Cognitive behavioral therapy, either individual or couples therapy, can help you shift your perspective and mindset about sex, promote positive sexual relations, and develop coping skills to manage stress.
Sensate focus therapy starts with non-erotic touch during at-home instruction to teach you and your partner how to touch each other, working up to sexual stimulation. The goal is to teach partners to understand each other’s needs and to be able to communicate their needs and desires to one another.
Directed masturbation: Utilize a program of at-home exercises to help you become familiar with your body during self-directed sexual stimulation. Learn what you like and how to bring yourself to orgasm, then tell that knowledge with your partner.
Sexual enhancement devices can introduce additional stimulation to help you achieve orgasm. For example, certain devices are explicitly designed for clitoral stimulation. When used during sex, these sexual enhancement devices may help you reach orgasm.
Experiment with sexual positions. Some sexual positions stimulate the clitoris more than others. Your sex therapist or healthcare provider may recommend certain positions that may be more pleasurable for you.
Living With Female Orgasmic Disorder
Beyond the work you do with your healthcare provider and therapist, there are numerous ways you can develop coping skills to live with anorgasmia.
Work Toward Acceptance
It makes perfect sense that you may struggle to accept that anorgasmia is part of your life. However, once you accept that this condition is confirmed, you can begin to work toward solutions and ways to live around it.
Talk To Your Partner
Communication is a vital part of any treatment plan for female orgasmic disorder. The inability to give you an orgasm may have been weighing heavily on them, and they could be eager to help you explore solutions. While the conversation could be awkward, the potential benefits far outweigh the discomfort. Express your feelings about your disorder and how you want to address it. Explain how you want your partner to help, and eventually, you can speak about what can be done to make sex more pleasurable for you.
Build Up Your Sexual Intelligence and Literacy
Learn to identify what you want and build up the skill so you can direct your partner to provide the desired effect. This skill should get stronger with time, so continue practicing.
Learn To Enjoy Sex Even Without Orgasms
Being unable to orgasm is indisputably frustrating, but that doesn’t mean you can’t enjoy sex at all. You may find FOD isn’t quite as intimidating when you let it fade into the background and focus on the intimacy with your partner. Stressing yourself out about whether you’re going to achieve orgasm likely only reduces your chances.
Remember That Orgasms Are Possible
Being diagnosed with anorgasmia doesn’t mean you aren’t physically capable of orgasm.
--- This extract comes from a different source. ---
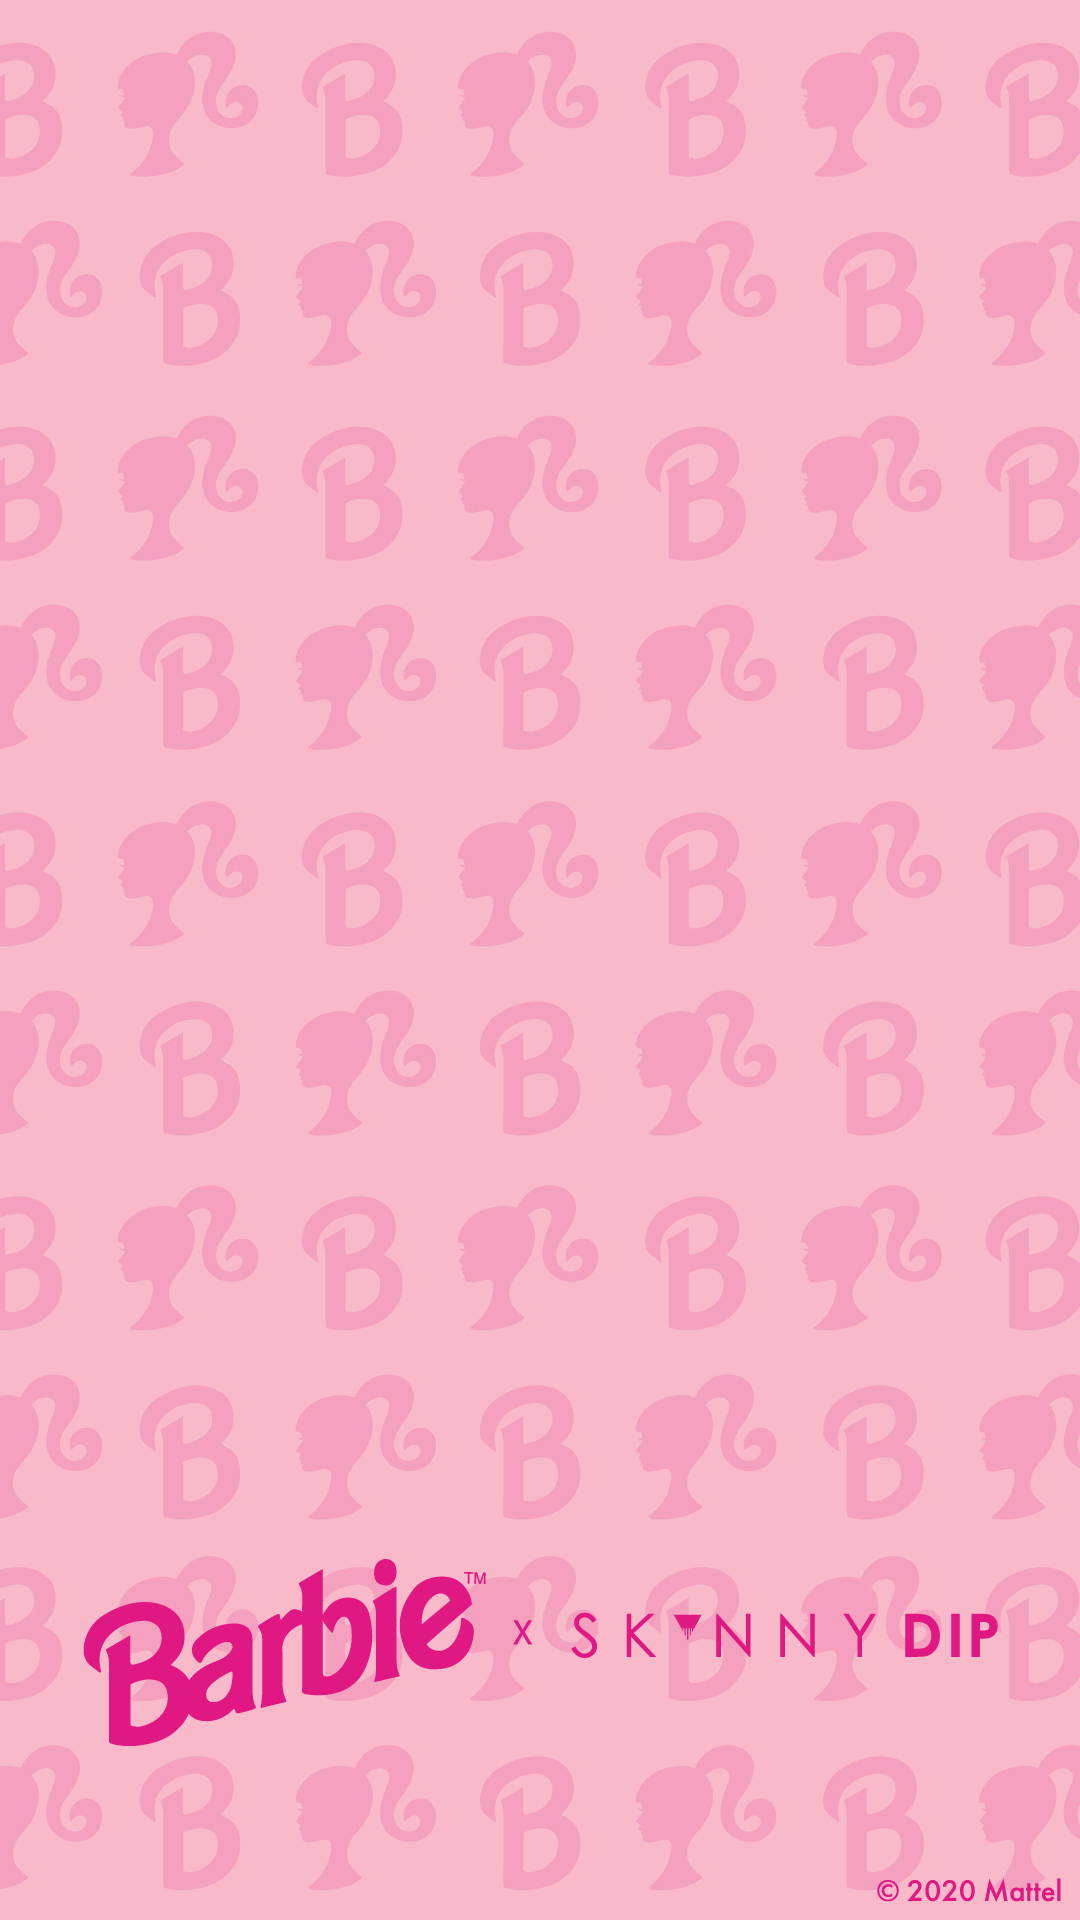 Barbie x Skinnydip: Phone Wallpapers

However, it does mean you may have a more arduous journey to that lofty peak. Plan for success by getting into the right mindset and using the methods you know are practical. If your partner cannot help you reach orgasm, try it on your own. Reduce your stress level as much as possible and remember—orgasms are possible, even if you have to achieve them alone.
How Therapy Can Help
Working with a licensed individual or couples’ therapist can help you work through underlying emotional and mental issues preventing your orgasms. Many people prefer online therapy through virtual platforms like BetterHelp for the convenience of receiving treatment at home, the reduced cost, and shorter wait times.
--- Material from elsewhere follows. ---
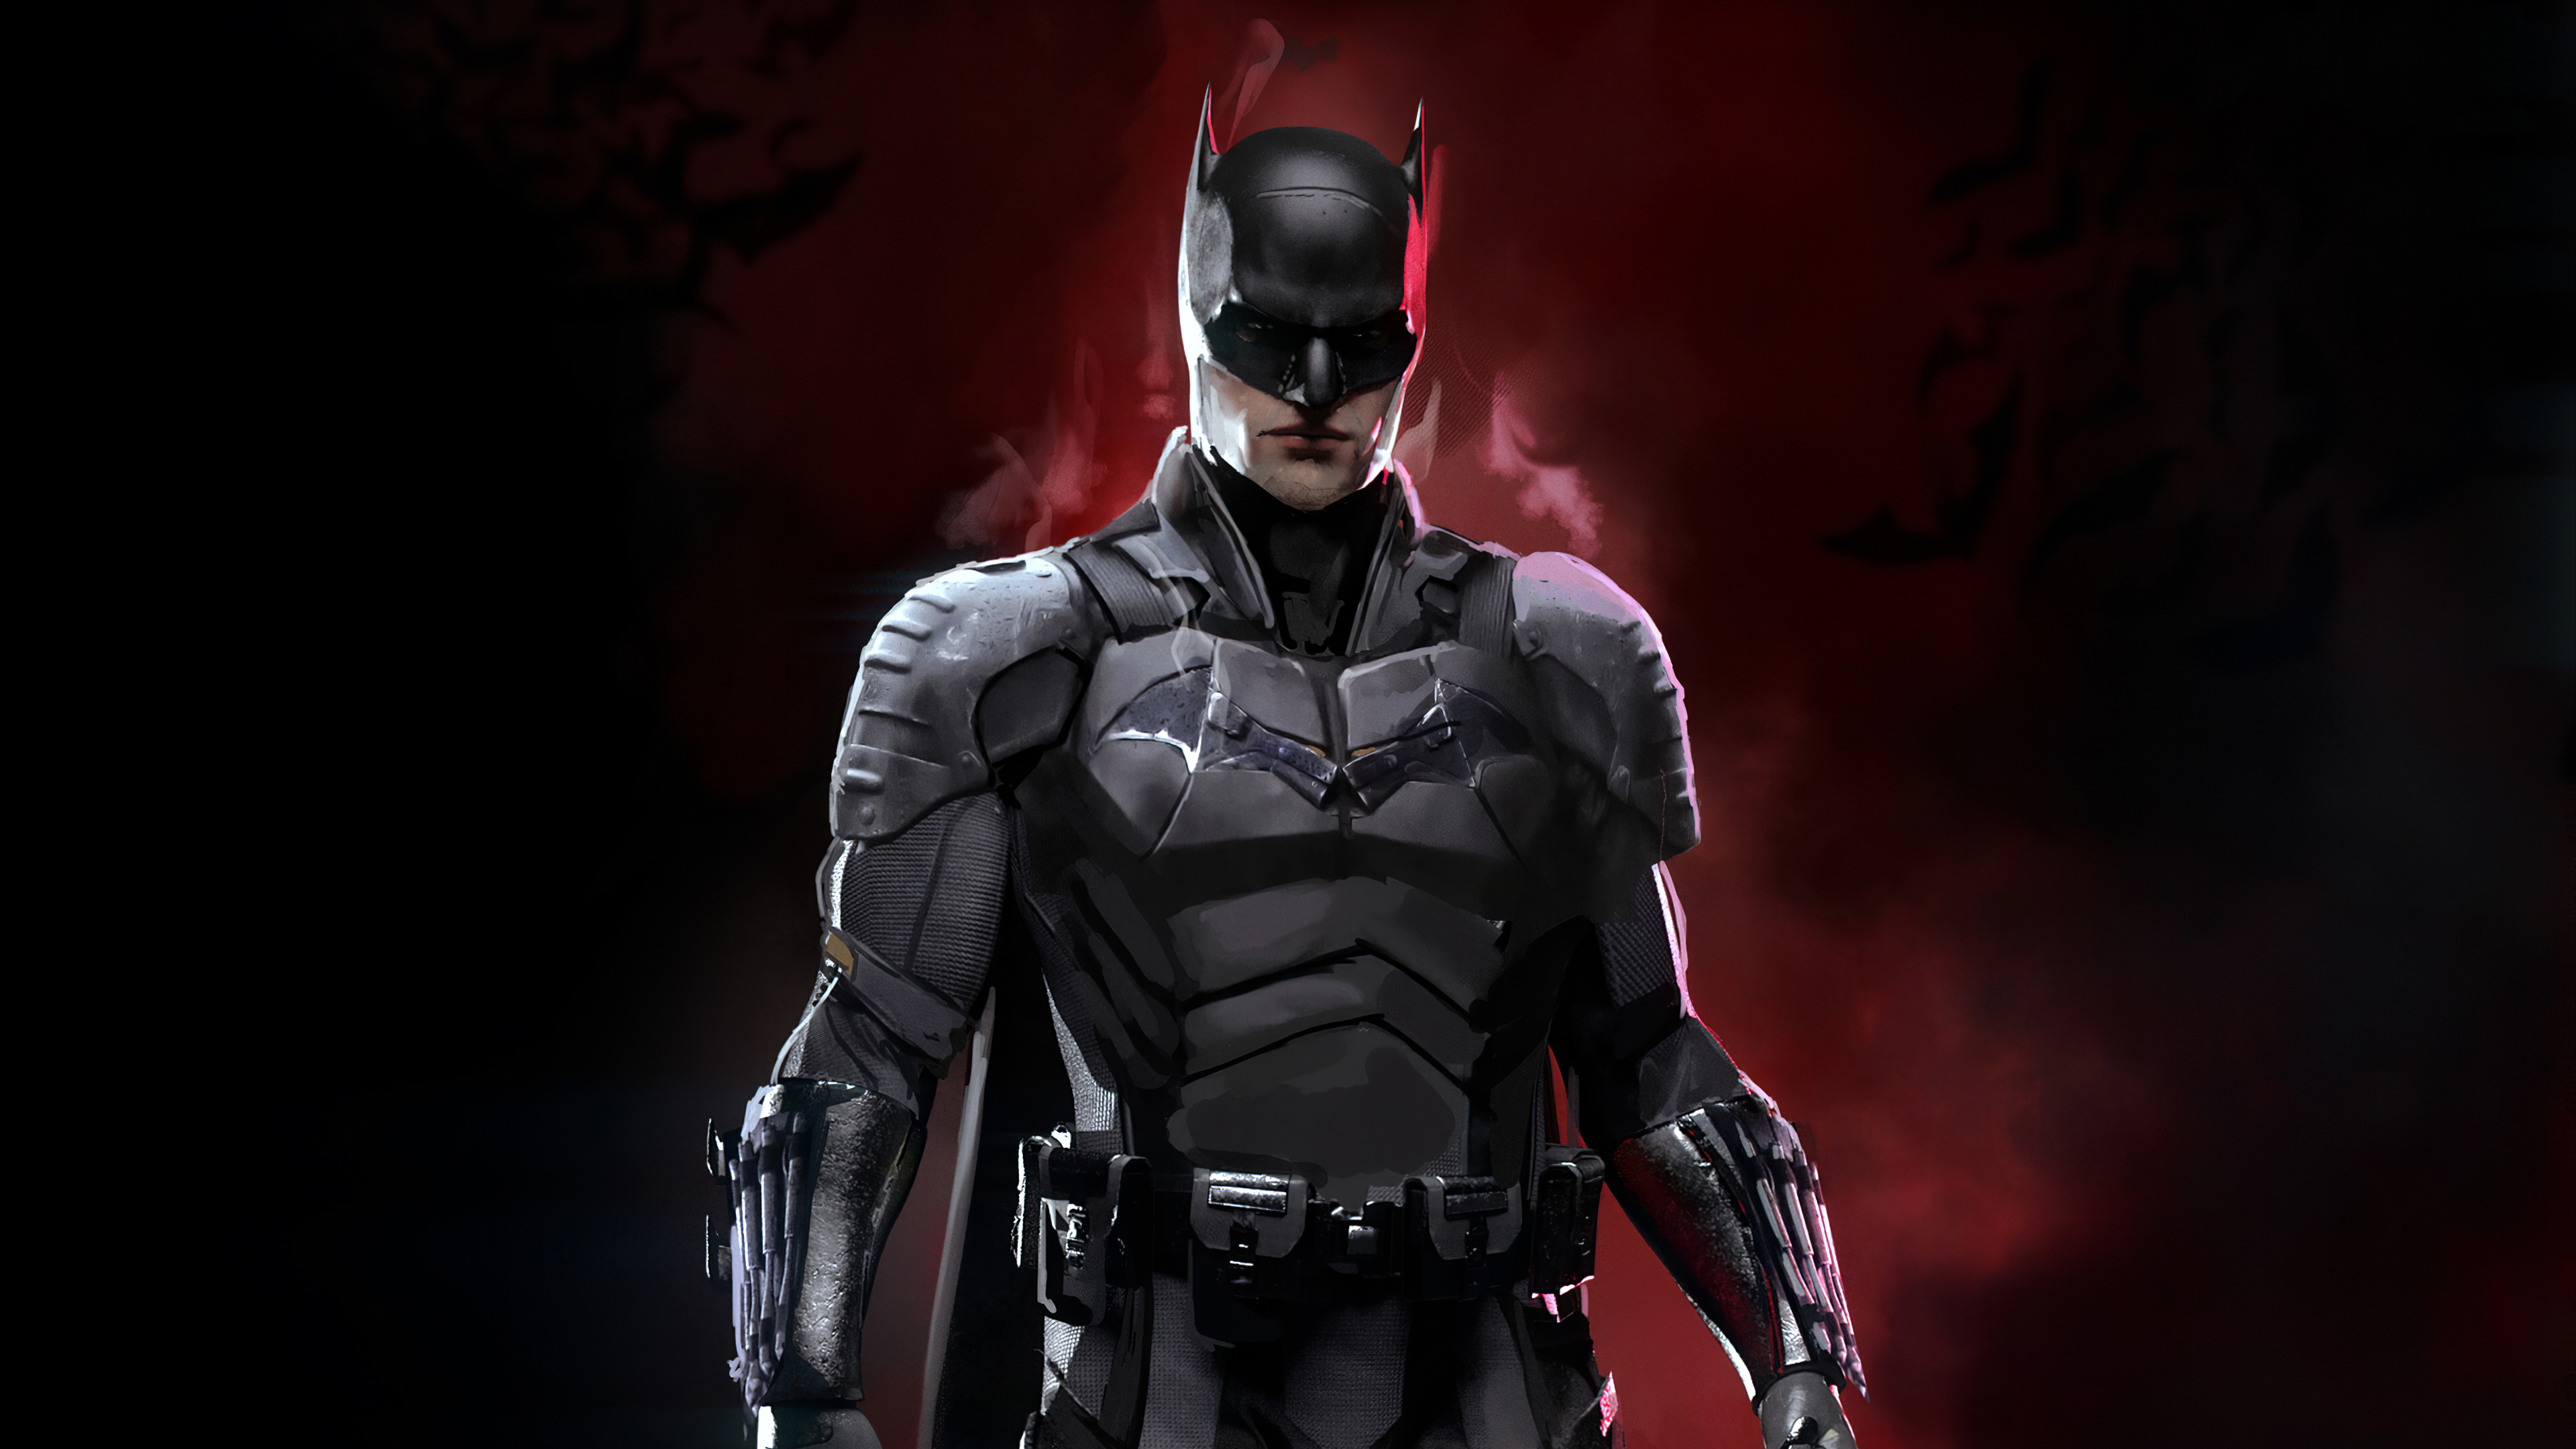 The Batman 4k Ultra HD Wallpaper | Background Image | 3840x2160 | ID

A 2011 study measured the effectiveness of online sex therapy for women experiencing sexual dysfunction and found it was a suitable alternative to in-person treatments, with participants demonstrating an improvement in sexual and relationship function.
Many people experience difficulty reaching orgasm—alone or with a partner. It is a common problem for women worldwide. The information outlined in this article may make it easier to decide to speak with your partner or healthcare provider about female orgasmic disorder.